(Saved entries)

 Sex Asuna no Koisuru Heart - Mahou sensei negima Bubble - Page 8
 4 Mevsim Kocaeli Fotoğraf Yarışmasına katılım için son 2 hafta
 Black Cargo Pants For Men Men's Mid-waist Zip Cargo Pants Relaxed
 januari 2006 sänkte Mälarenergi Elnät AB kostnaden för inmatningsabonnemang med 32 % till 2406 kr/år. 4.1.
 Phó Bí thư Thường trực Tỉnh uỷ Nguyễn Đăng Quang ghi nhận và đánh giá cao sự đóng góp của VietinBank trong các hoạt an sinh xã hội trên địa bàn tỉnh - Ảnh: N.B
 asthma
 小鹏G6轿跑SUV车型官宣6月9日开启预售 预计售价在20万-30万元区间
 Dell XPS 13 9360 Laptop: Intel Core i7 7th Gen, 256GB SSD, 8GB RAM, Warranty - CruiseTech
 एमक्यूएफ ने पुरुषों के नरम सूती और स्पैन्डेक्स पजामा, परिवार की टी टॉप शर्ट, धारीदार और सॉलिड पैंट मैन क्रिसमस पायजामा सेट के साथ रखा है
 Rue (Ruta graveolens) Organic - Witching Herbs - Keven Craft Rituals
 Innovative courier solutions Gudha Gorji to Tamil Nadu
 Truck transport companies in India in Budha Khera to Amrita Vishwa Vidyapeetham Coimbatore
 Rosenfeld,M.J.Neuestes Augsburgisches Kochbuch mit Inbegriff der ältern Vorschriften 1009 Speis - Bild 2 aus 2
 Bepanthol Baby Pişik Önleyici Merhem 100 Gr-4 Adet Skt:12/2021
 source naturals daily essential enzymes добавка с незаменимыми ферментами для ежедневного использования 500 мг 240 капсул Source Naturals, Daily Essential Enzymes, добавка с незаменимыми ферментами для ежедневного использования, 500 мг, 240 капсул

## EXERCISE
Would you copy out exactly the lines above that start at the one containing "Rue (Ruta graveolens)" and end at the one containing "Truck transport companies", inclusive?

## WRITTEN RESPONSE
 Rue (Ruta graveolens) Organic - Witching Herbs - Keven Craft Rituals
 Innovative courier solutions Gudha Gorji to Tamil Nadu
 Truck transport companies in India in Budha Khera to Amrita Vishwa Vidyapeetham Coimbatore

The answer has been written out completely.